- Recorded information:
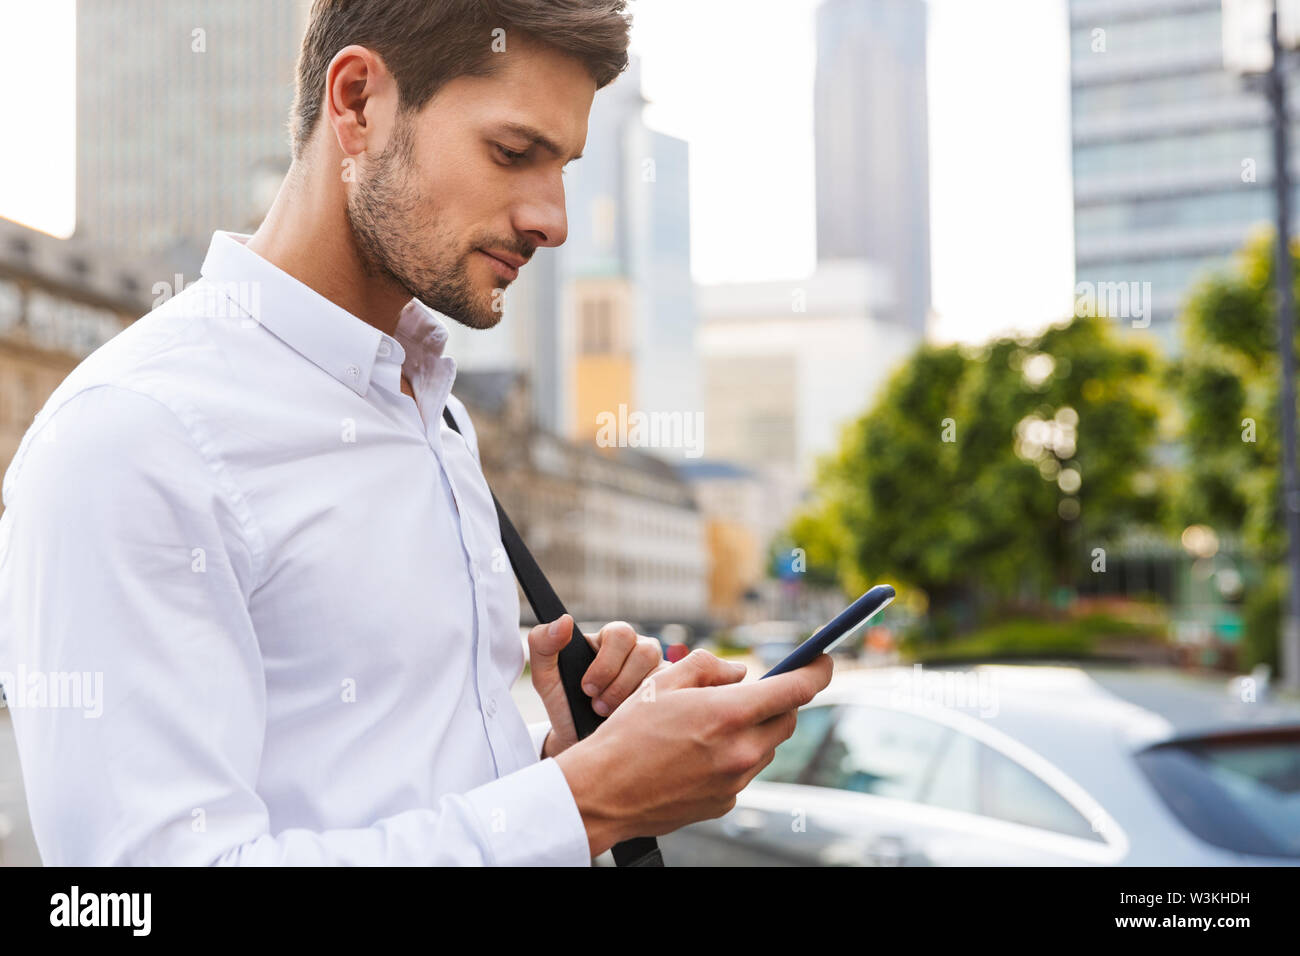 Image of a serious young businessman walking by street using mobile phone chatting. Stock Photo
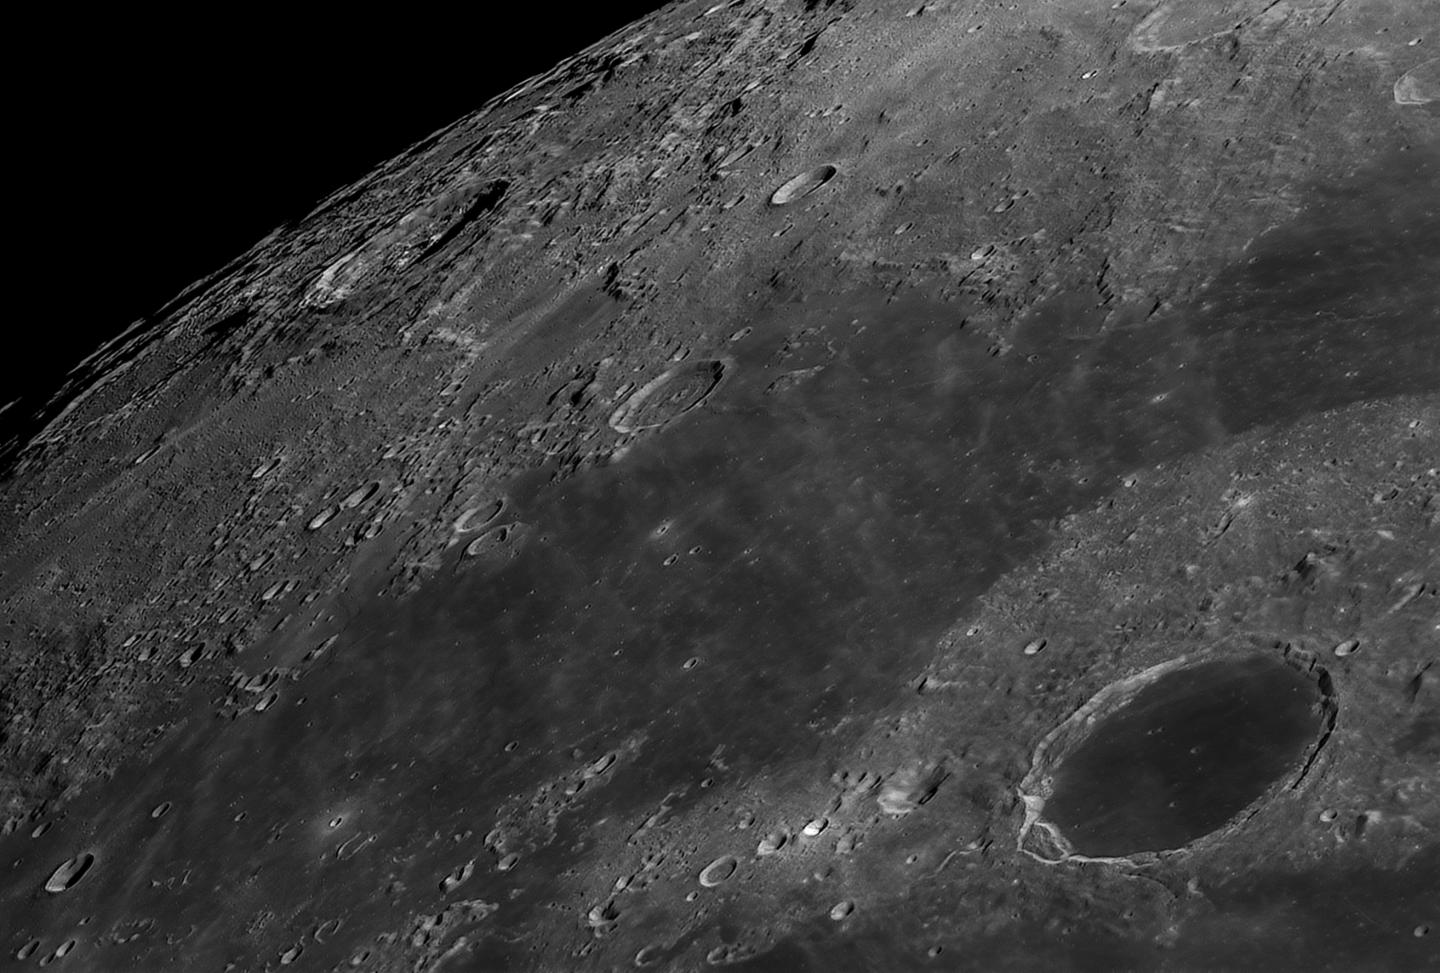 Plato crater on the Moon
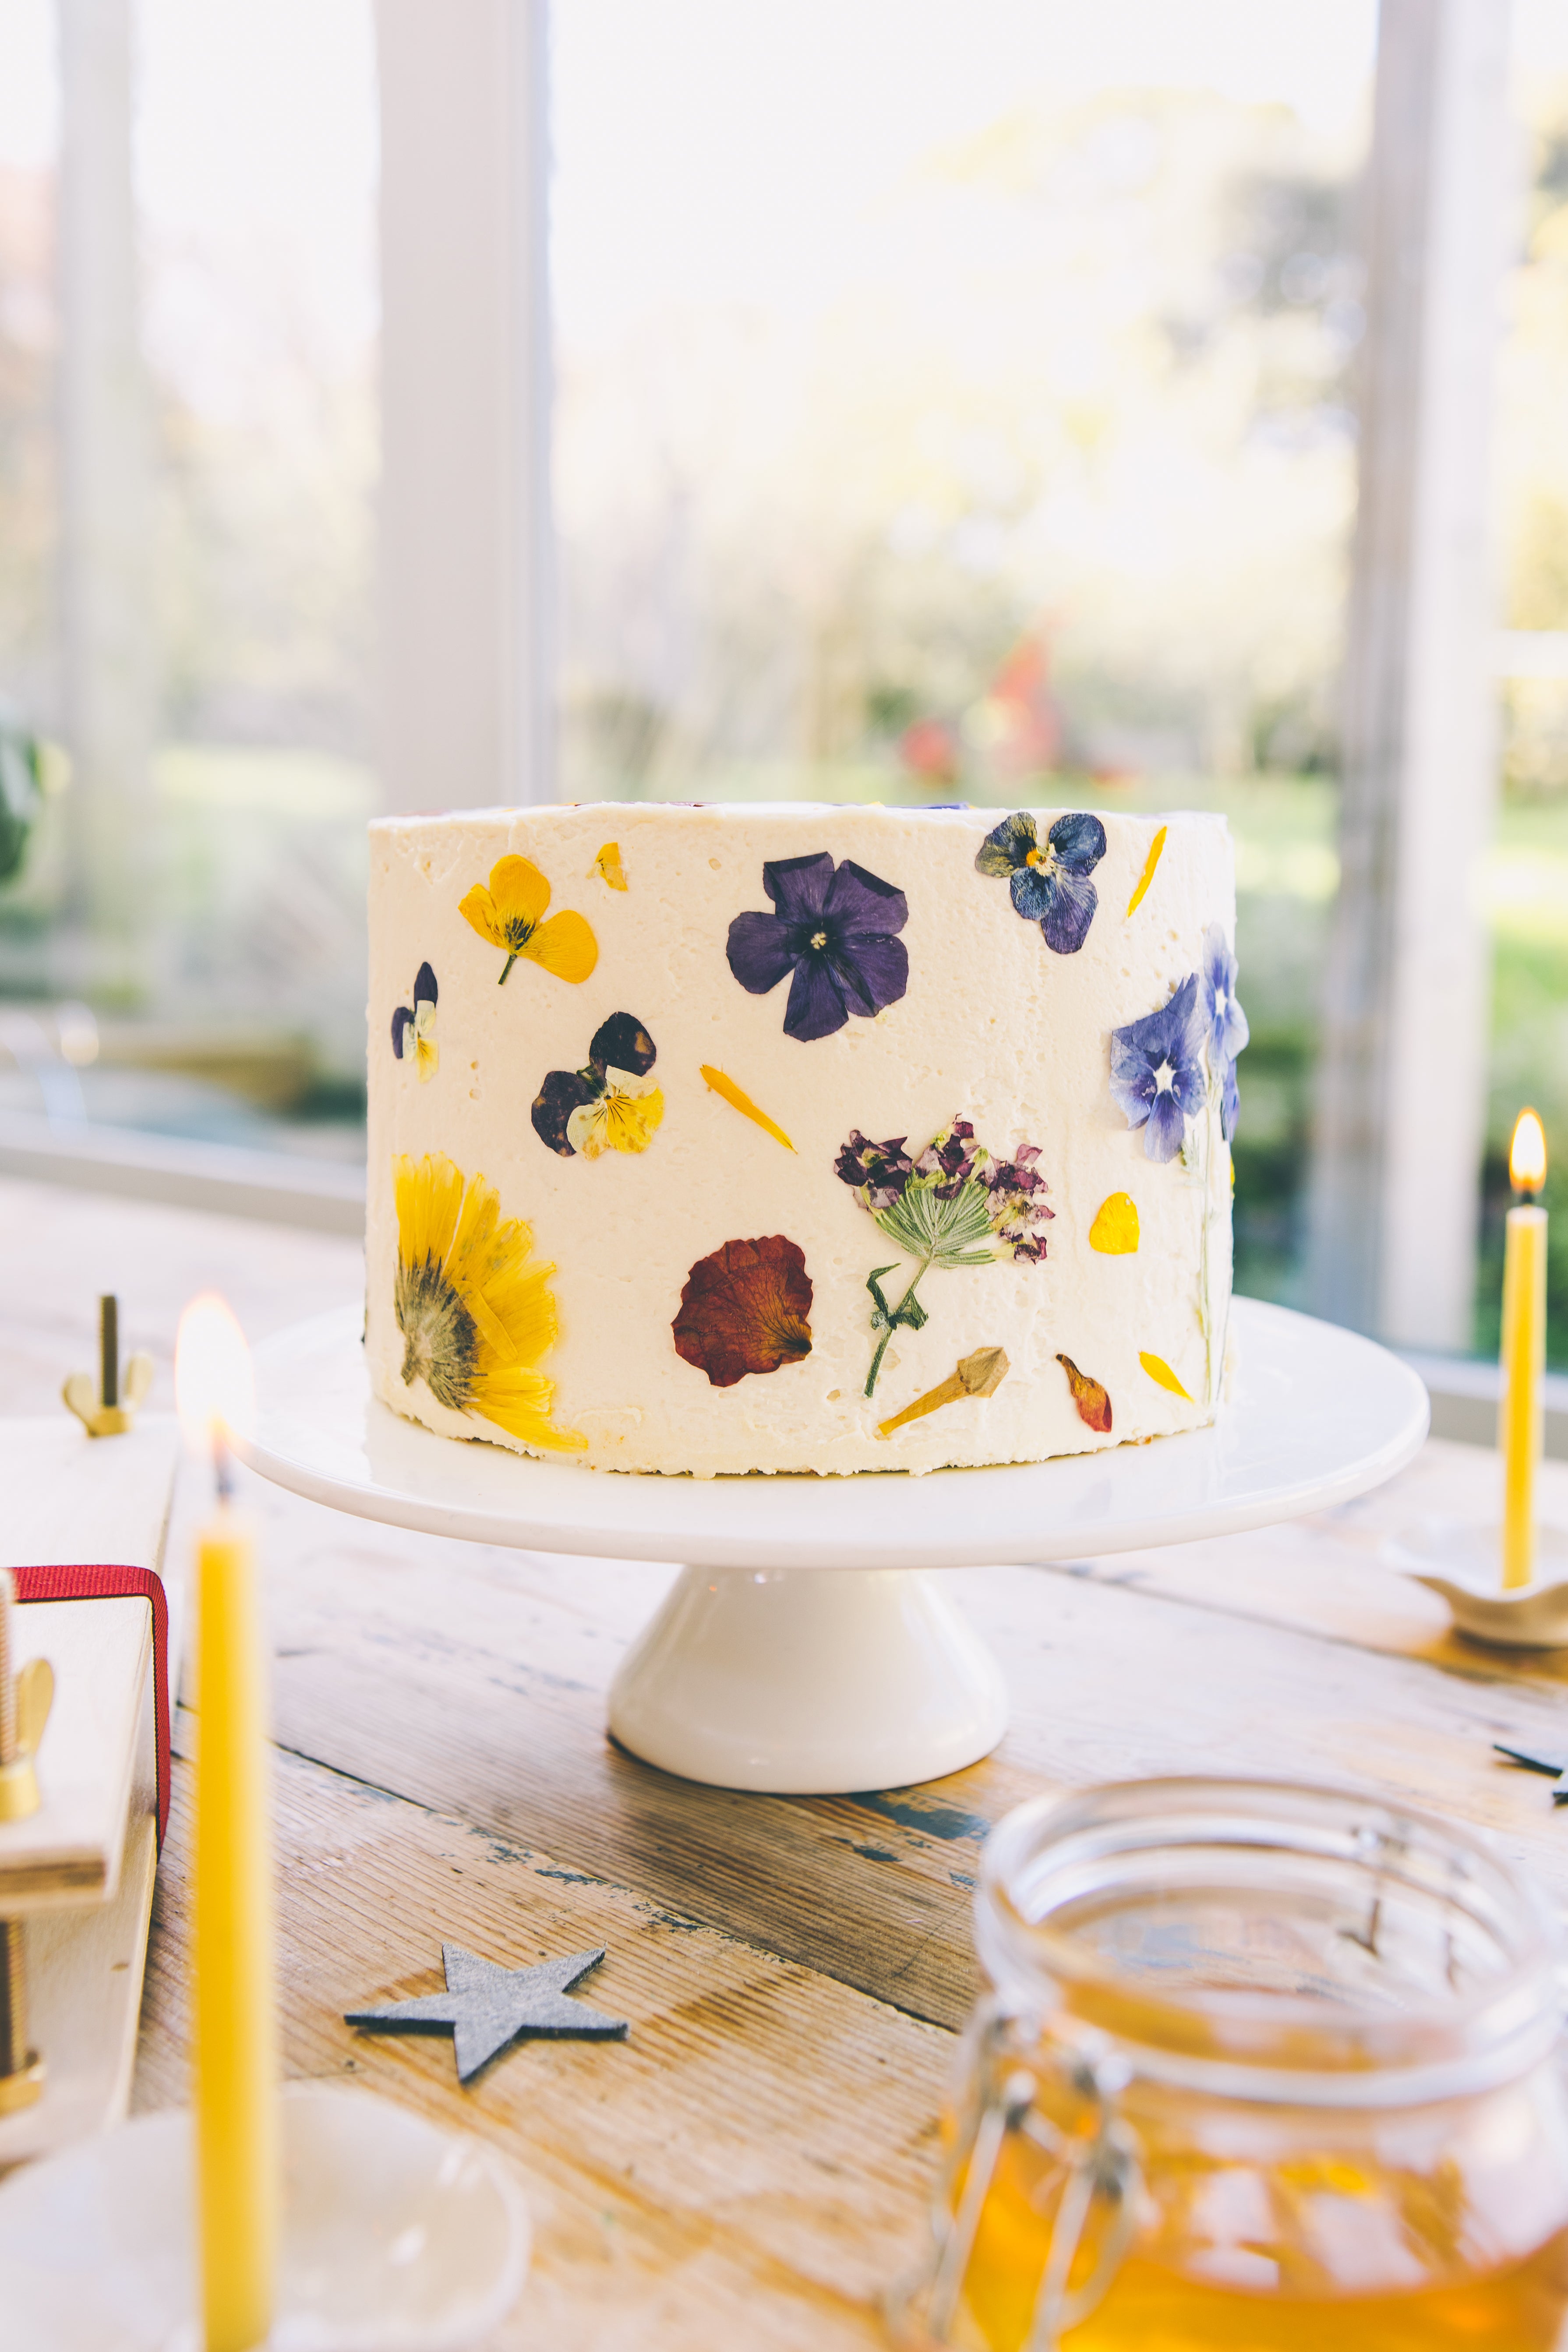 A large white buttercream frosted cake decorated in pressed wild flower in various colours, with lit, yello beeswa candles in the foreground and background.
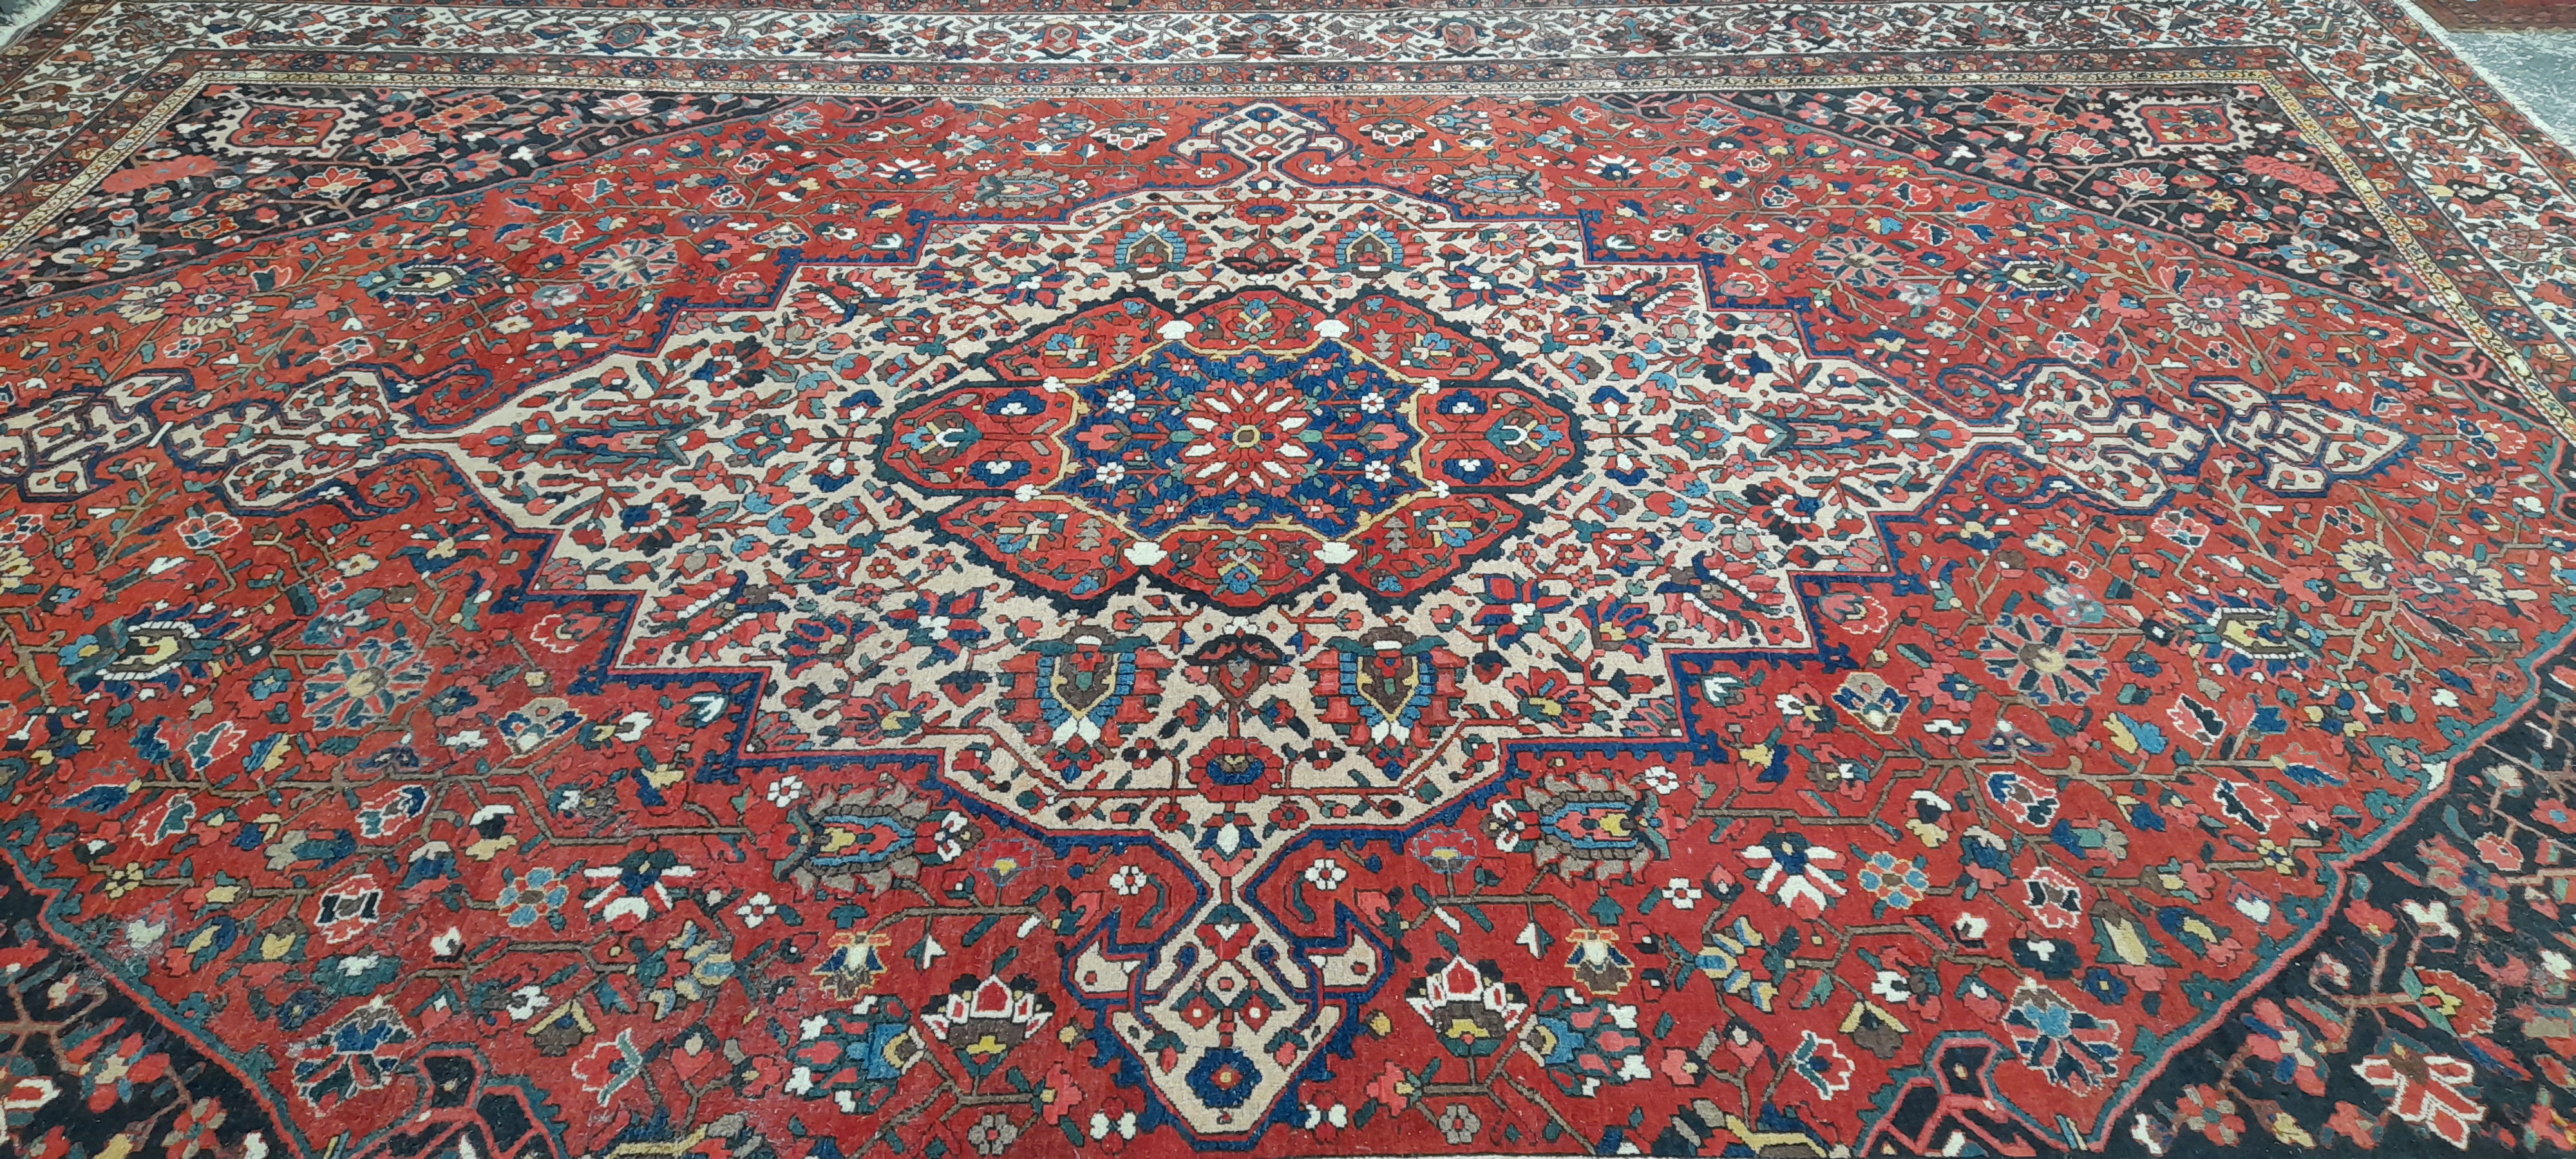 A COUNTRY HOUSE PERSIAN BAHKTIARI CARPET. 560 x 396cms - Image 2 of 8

- Problem statement:
Retype the data in full. Images do not go in the copy.

- Solution for this problem:
 Image of a serious young businessman walking by street using mobile phone chatting. Stock Photo
 Plato crater on the Moon
 A large white buttercream frosted cake decorated in pressed wild flower in various colours, with lit, yello beeswa candles in the foreground and background.
 A COUNTRY HOUSE PERSIAN BAHKTIARI CARPET. 560 x 396cms - Image 2 of 8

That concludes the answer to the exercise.